To obtain further support for these conclusions, we repeated these analyses with a consensus dataset, generated combining data from Gilfillan et al. (; 1 dataset) and Alekseyenko et al. (; 3 datasets). From the combined data, we characterized 666 DCC binding regions. These are quite more than in our analysis based on a single dataset (666 vs. 559), which suggests that the four datasets were somewhat heterogeneous. Using again the 90% of maximum value of the similarity matrix as a cutoff, sequences related to our motif were found in 79% (526/666) of these consensus DCC binding regions. As previously seen, the DCC binding regions in which the motif was not detected were small, corresponding all together to just 4% of all the nucleotides defined as bound by the DCC in the consensus dataset. The density of motifs was 1201 ± 39 sites/Mb in the positive DCC binding regions in this consensus dataset. The density in the rest of the X chromosome went down to 523 ± 25 sites/Mb in this case, thus being a bit lower than the average 590 sites/Mb detected in the autosomes. These results confirmed the significant enrichment of the motif in the DCC binding regions.

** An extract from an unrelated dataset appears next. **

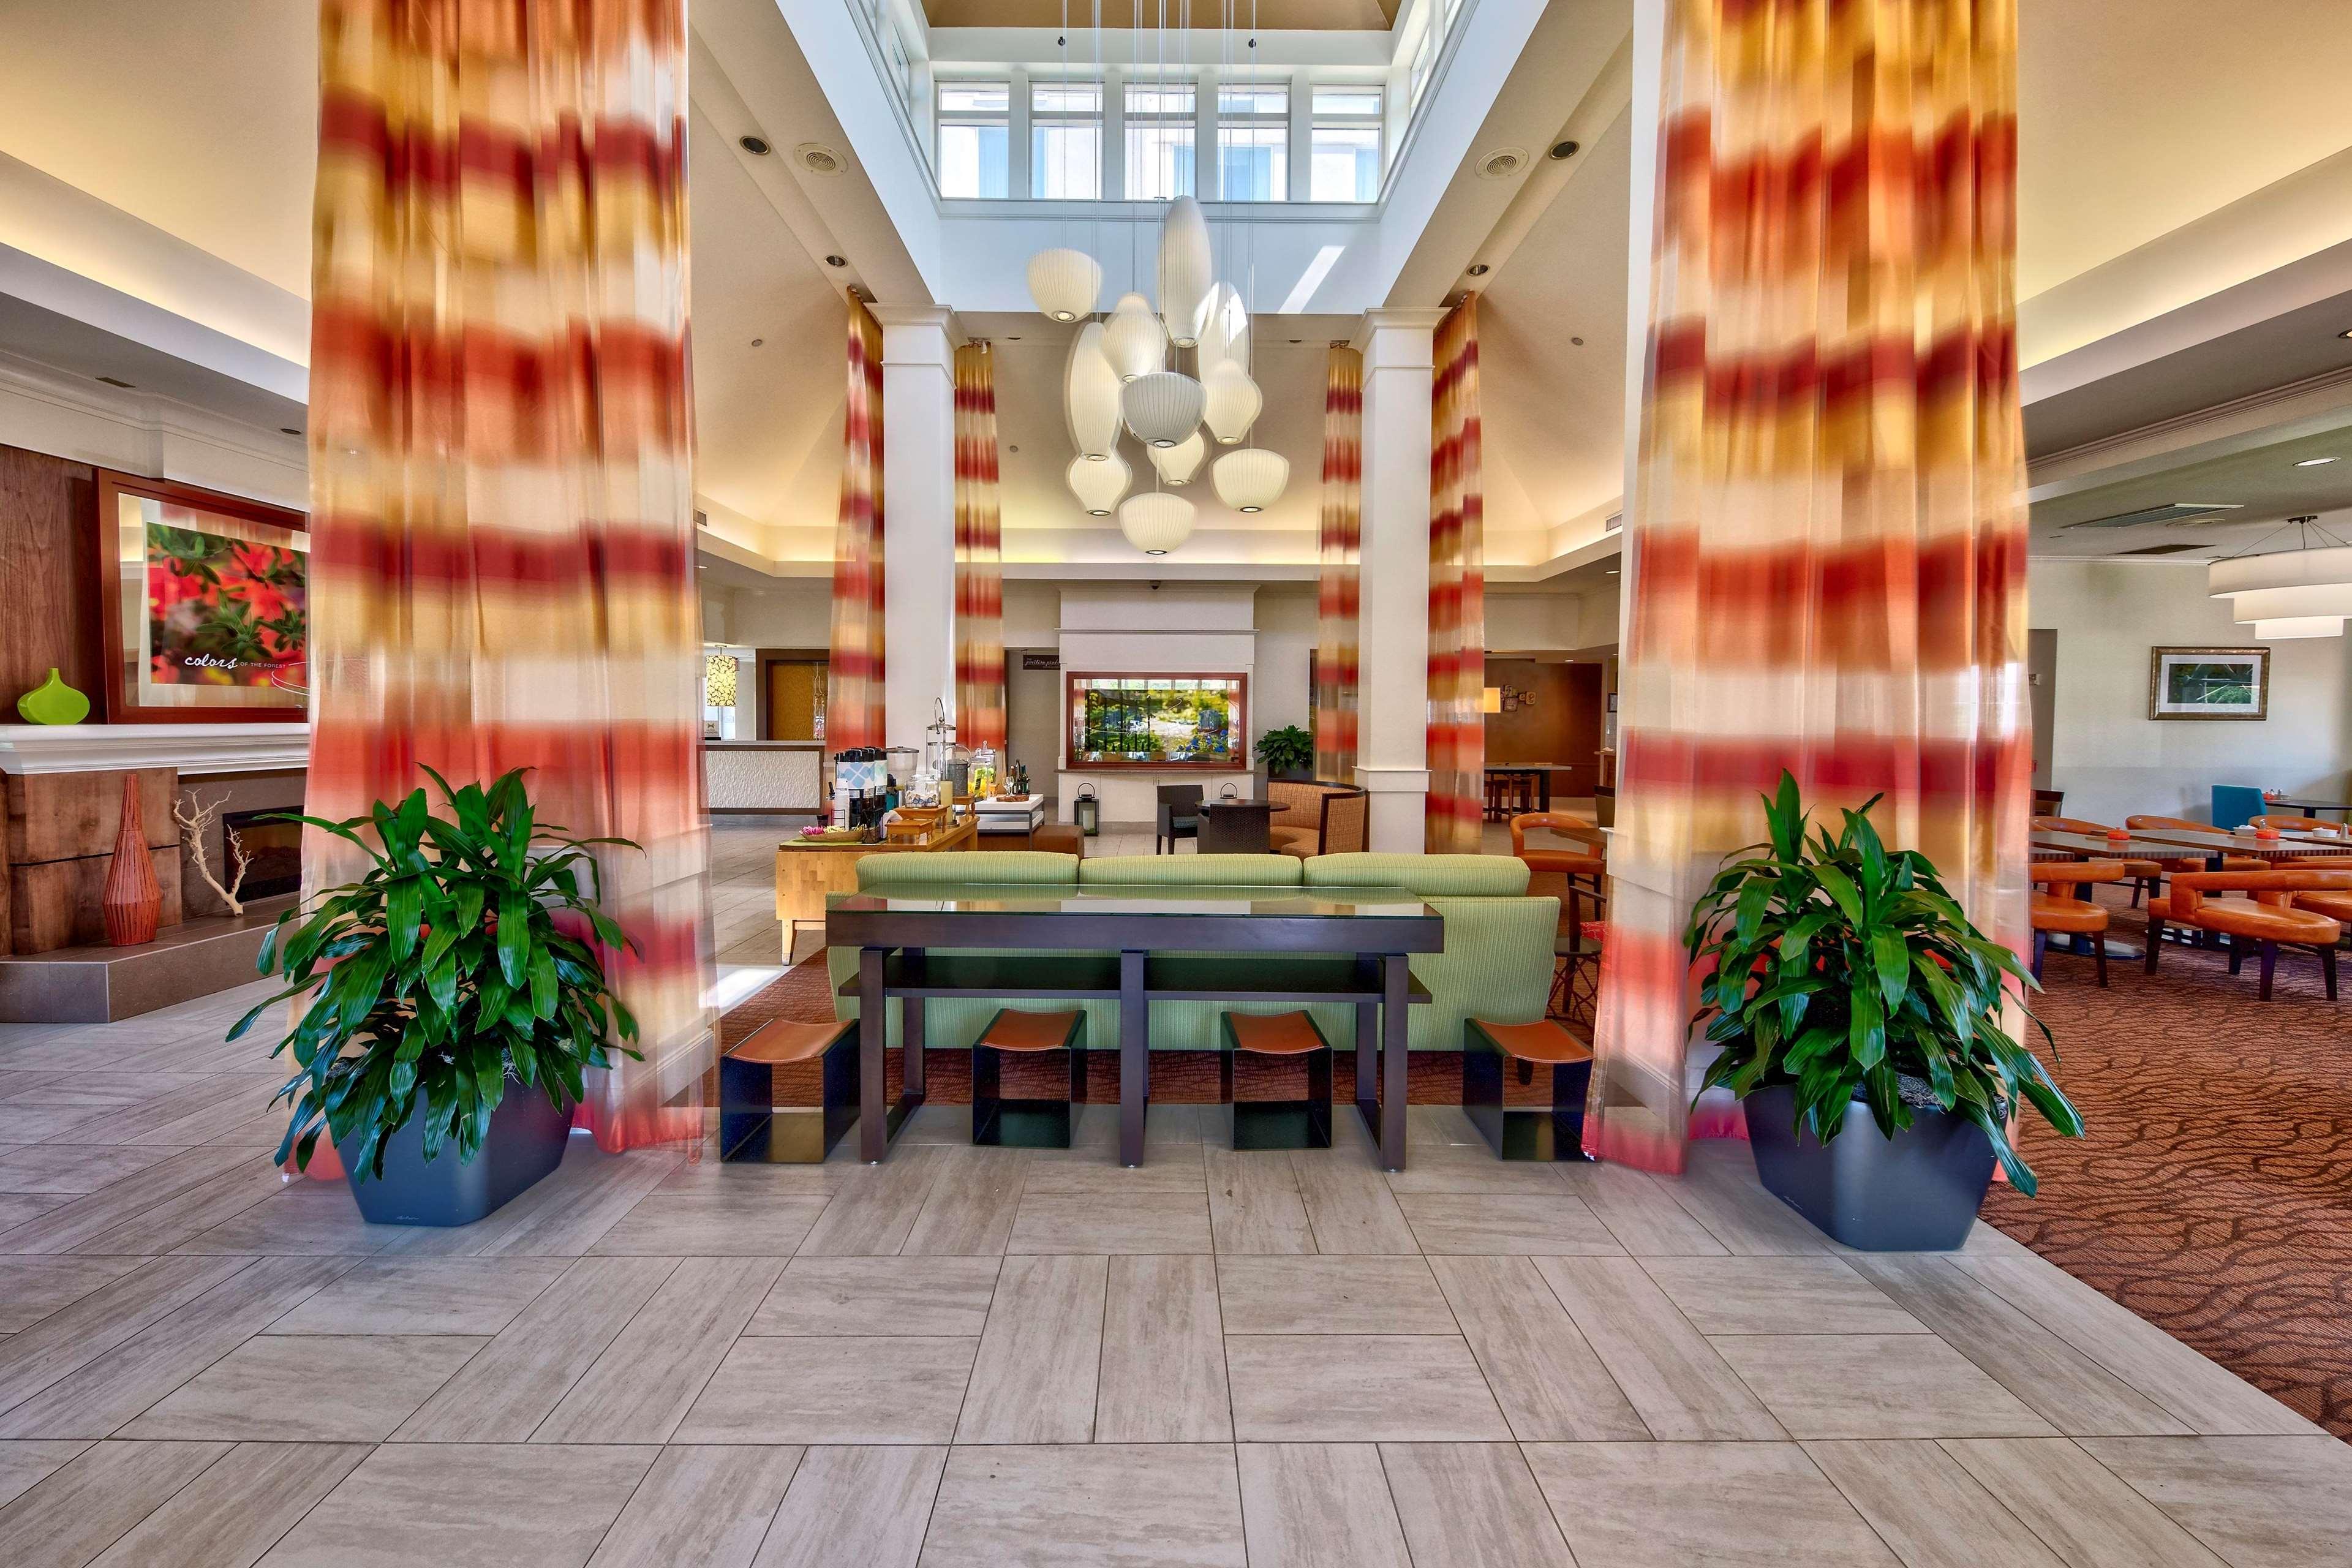 Hilton Garden Inn Houston Bush Intercontinental Airport Houston Texas Tx

We also checked for the presence of our motifs in the TrojanHorse and TrojanElephant transposons used by Gorchakov et al.  to demonstrate the ability of some autosomal sequences to acquire de novo DCC binding. Significantly, we found that the region in TrojanHorse to which the DCC binds when the transposon is inserted on the X chromosome (corresponding to positions 4224822-4228454 in chromosome 2L; genes CG3702 and Rpl40) has a high motif density (4 sites in 3633 nucleotides, or 1101 sites/Mb) while the rest of the transposon has a low density (9 sites in 19531 nucleotides; 461 sites/Mb). Similarly, the regions bound by the DCC in the TrojanElephant transposon (signal > 2; corresponding to positions 6908636-6914771 and 6949036-6955236 in chromosome 2L) have a density of 811 sites/Mb (10 motifs in 12337 nucleotides) while the rest of the transposon has a density of motifs of just 623 sites/Mb. In summary, the density of sites in the regions bound by the DCC when these transposons are localized on the X chromosome is much higher than the average density of sites in the autosomes (590 sites/Mb). This may contribute to them behaving as typical X chromosome sequences when inserted on the X.
Evolutionary conservation of the sites located in DCC regions
The DCC is acting not only in D. melanogaster, but also in other drosophilids, including flies of genera other than Drosophila . Therefore, we decided to explore whether the sites found were evolutionary conserved, which would indicate that the same sequences might be used in different species. Given that the sites are very small, we decided to locate each site in D. melanogaster and then add at both sides of the sites a total of 100 extra nucleotides. By doing so, we increased the likelihood of finding the homologous site in a different species. The chosen species to compare was D. virilis, which is a distant relative of D. melanogaster, belonging to a different subgenus and which genome has been fully sequenced . The two lineages split about 63 millions of years ago .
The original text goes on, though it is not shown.